I would say a is either 16 or 4 and F(s) = 1/(s² + 6s + 9)

You have$$
{\mathcal L}^{-1} \frac 1 {(s+3)^2+4^2}$$that you are trying to calculate and you have the formula$$
{\mathcal L}^{-1} F(s+a) = e^{-at}{\mathcal L}^{-1}F(s)$$and you think $a=4$ or $a=16$? If you are going to use that formua don't you have to have$$
F(s+a) = \frac 1 {(s+3)^2+4^2}$$Think again about what $a$ is and what $F(s)$ is in your problem. You have to figure that out to use the right side of the formula.

 

[Color_of_Cyan]

You have$$
{\mathcal L}^{-1} \frac 1 {(s+3)^2+4^2}$$that you are trying to calculate and you have the formula$$
{\mathcal L}^{-1} F(s+a) = e^{-at}{\mathcal L}^{-1}F(s)$$and you think $a=4$ or $a=16$? If you are going to use that formua don't you have to have$$
F(s+a) = \frac 1 {(s+3)^2+4^2}$$Think again about what $a$ is and what $F(s)$ is in your problem. You have to figure that out to use the right side of the formula.

Well okay, to review, F(s+a) means whatever F(s+a) is equal to is a function of 2 variables then? (It's like, I need a time machine when reviewing all of this. Or maybe just a better moment to think more about it). All I am doing first is finding the function F(s) then?

I think it is this:

$$ F(s) = \frac {1} {(s^{2} + a^{2})} $$

with a = 4,

That formula was not on my list of properties, but thanks for telling me.

 

[LCKurtz]

You still don't have it. You have$$F(s+a) = \frac 1 {(s+3)^2 + 16}$$It should be obvious to you that in this setting $a=3$ and$$F(s) = \frac 1 {s^2+16}$$ So the formula gives you$$
\mathcal L^{-1}\frac 1 {(s+3)^2 + 16} = e^{-3t}\mathcal L^{-1}\frac 1 {s^2 + 16}$$Hopefully you can finish it now with the table. I'm coming very close to violating forum rules by working the whole problem for you.

 

[Color_of_Cyan]

You still don't have it. You have$$F(s+a) = \frac 1 {(s+3)^2 + 16}$$It should be obvious to you that in this setting $a=3$ and$$F(s) = \frac 1 {s^2+16}$$

Is it only because the 16 was from completing the square (and so it becomes part of the function)? And a is only what you have grouped inside with 's'? It was very confusing.

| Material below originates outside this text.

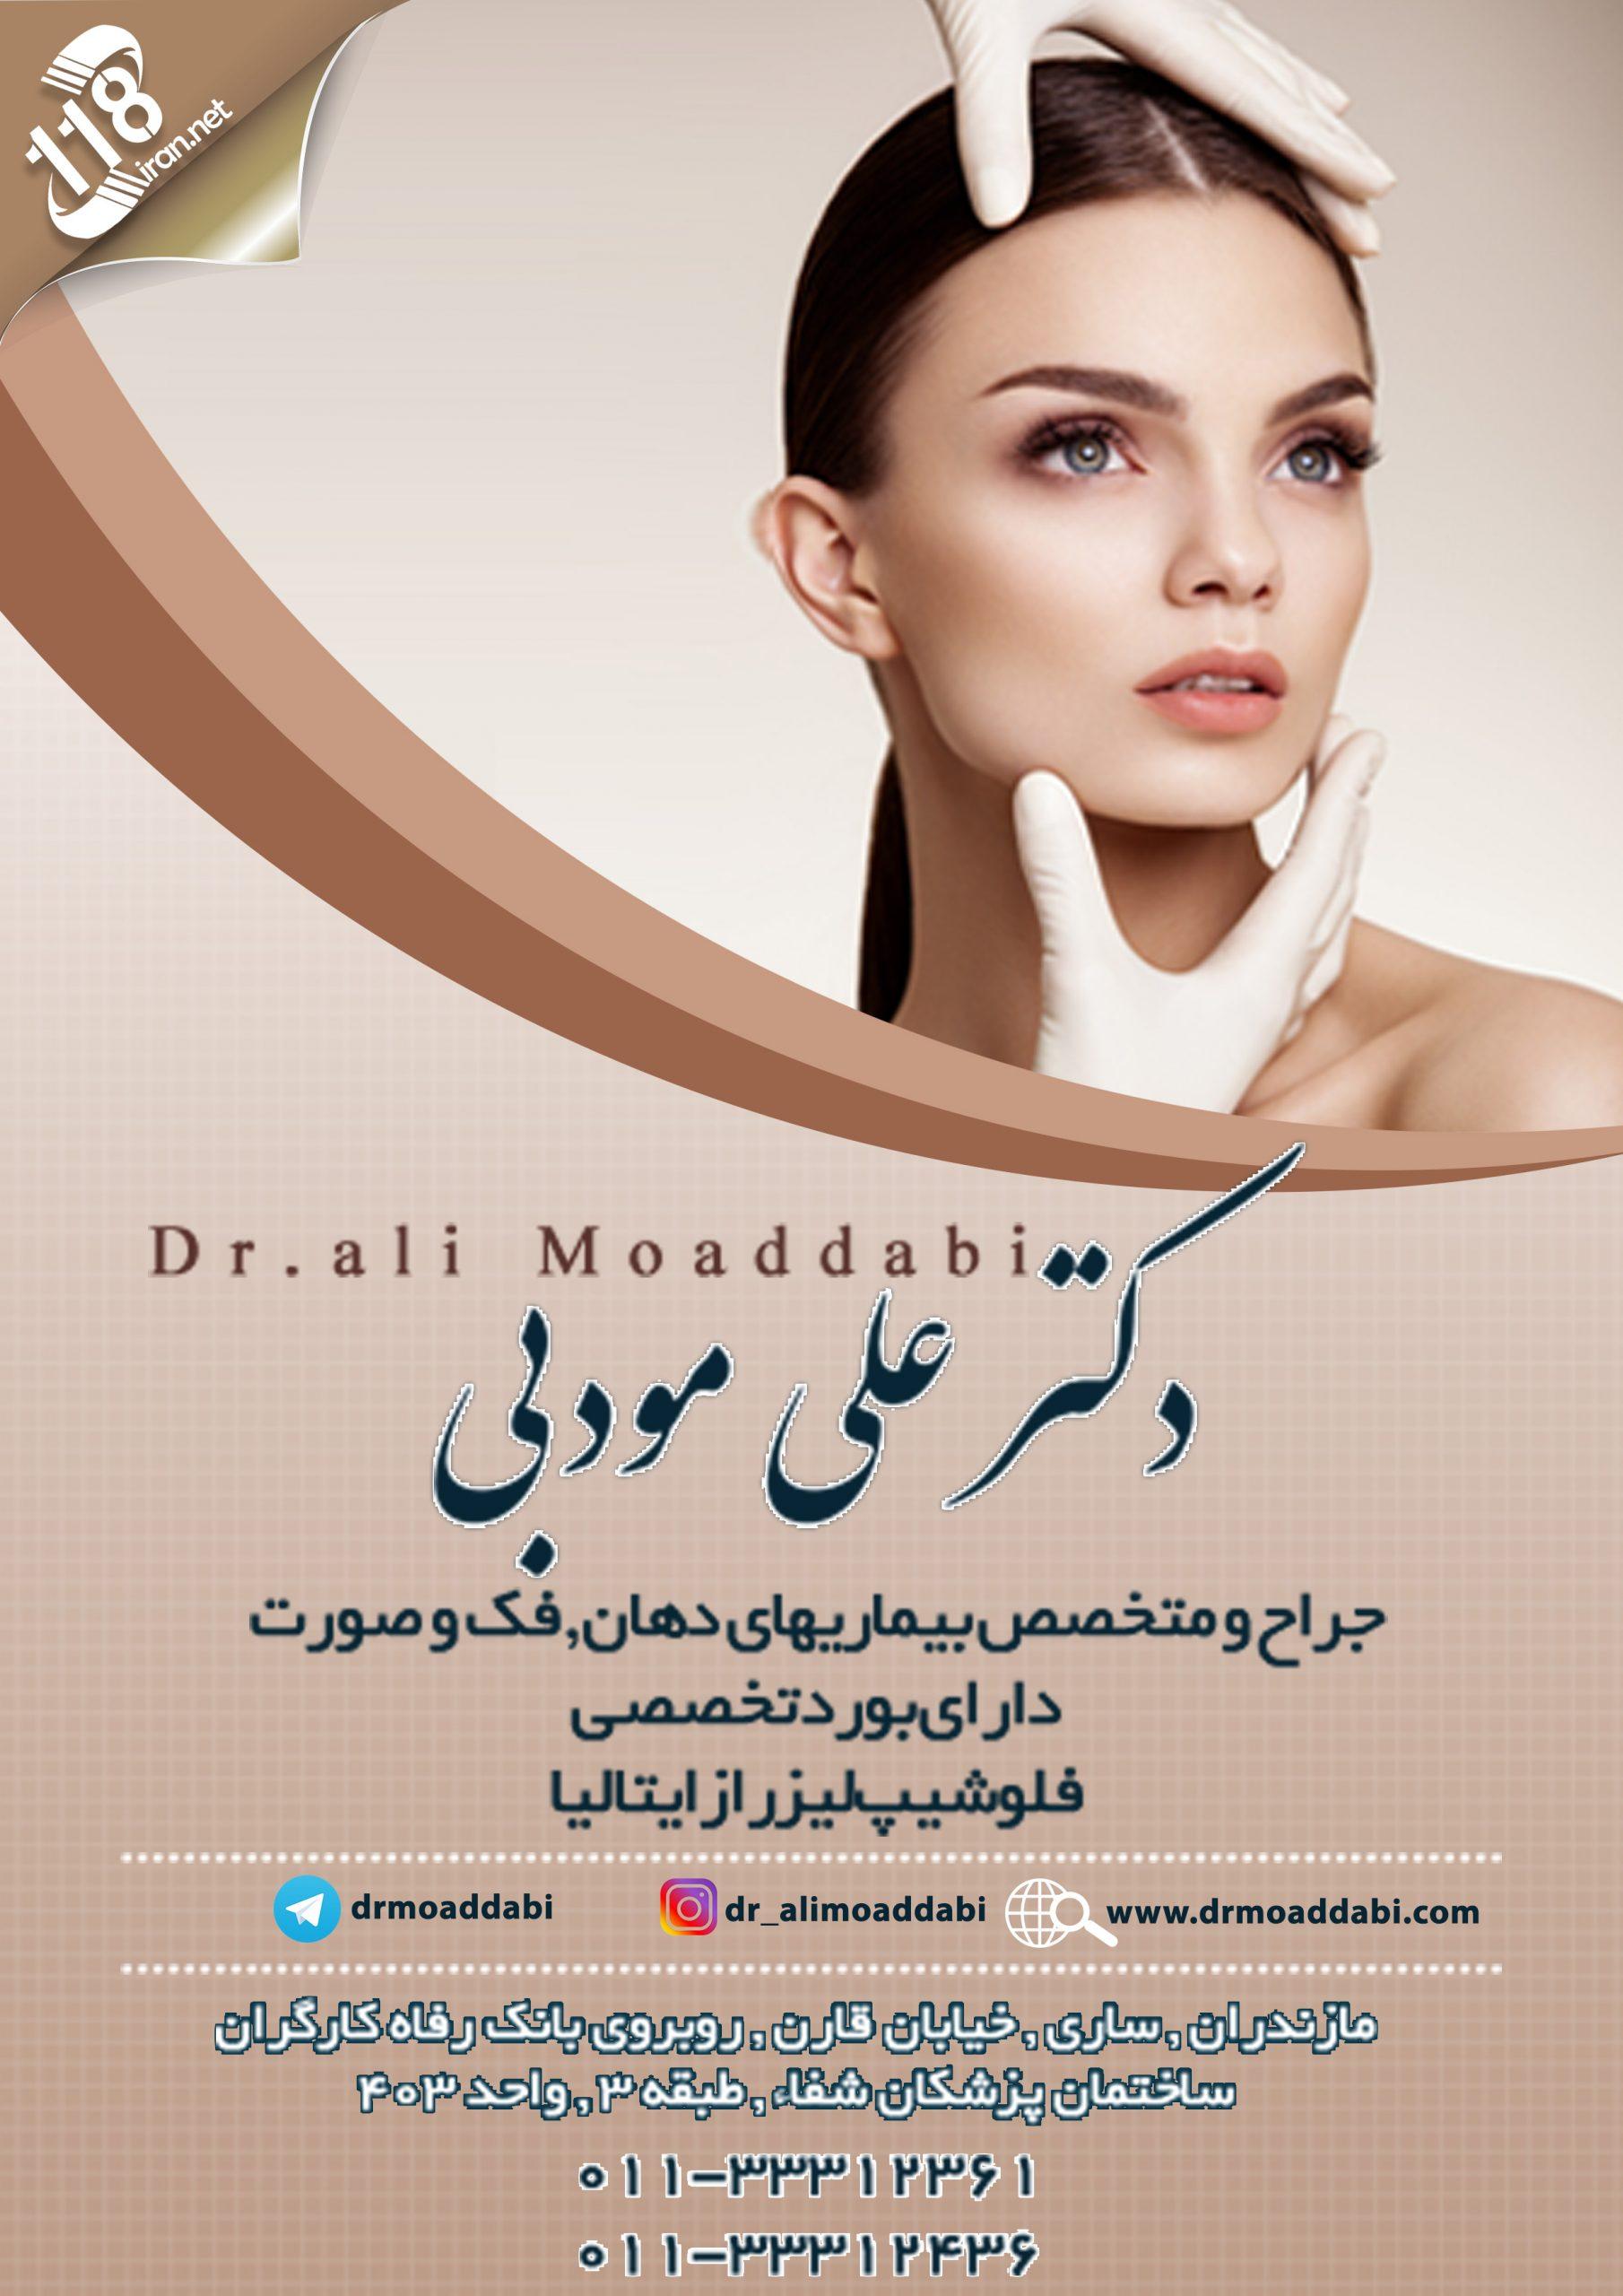 دکتر علی مودبی

The only close property I had to the one you gave for that was this

$$ L[e^{-at}f(t)] = F(s + a) $$

Is it really the same thing then? This is important; I do not have any property given that exclusively says 'L^-1'

Moving on though. You get the result, but you still have ANOTHER function F(s) to transform? And it seems I still need more than the table (or maybe just more help understanding the notation of it which has been very alien to me); I can't just do: b/(s² + b²) ---> sin(bt) yet?

Can I say that L^-11/(s² + 16) transforms to 4sin(4t)?

 

[Mark44]

Is it only because the 16 was from completing the square (and so it becomes part of the function)? And a is only what you have grouped inside with 's'? It was very confusing.

It's probably much simpler than you seem to be thinking.

If F(s) = $\frac{s}{s^2 + 1}$ then F(s + 2) = $\frac{s + 2}{(s + 2)^2 + 1}$
What you need to do is to recognize the basic underlying function F, and what the formulas look like with a variety of horizontal translations. I.e., the difference between F(s) and F(s + a), for example. A lot of the work in working with the tables is to put what you're starting with in a form that matches a row in your table.

The only close property I had to the one you gave for that was this

$$ L[e^{-at}f(t)] = F(s + a) $$

Is it really the same thing then? This is important; I do not have any property given that exclusively says 'L^-1'

Moving on though. You get the result, but you still have ANOTHER function F(s) to transform? And it seems I still need more than the table (or maybe just more help understanding the notation of it which has been very alien to me); I can't just do: b/(s² + b²) ---> sin(bt) yet?

Can I say that L^-11/(s² + 16) transforms to 4sin(4t)?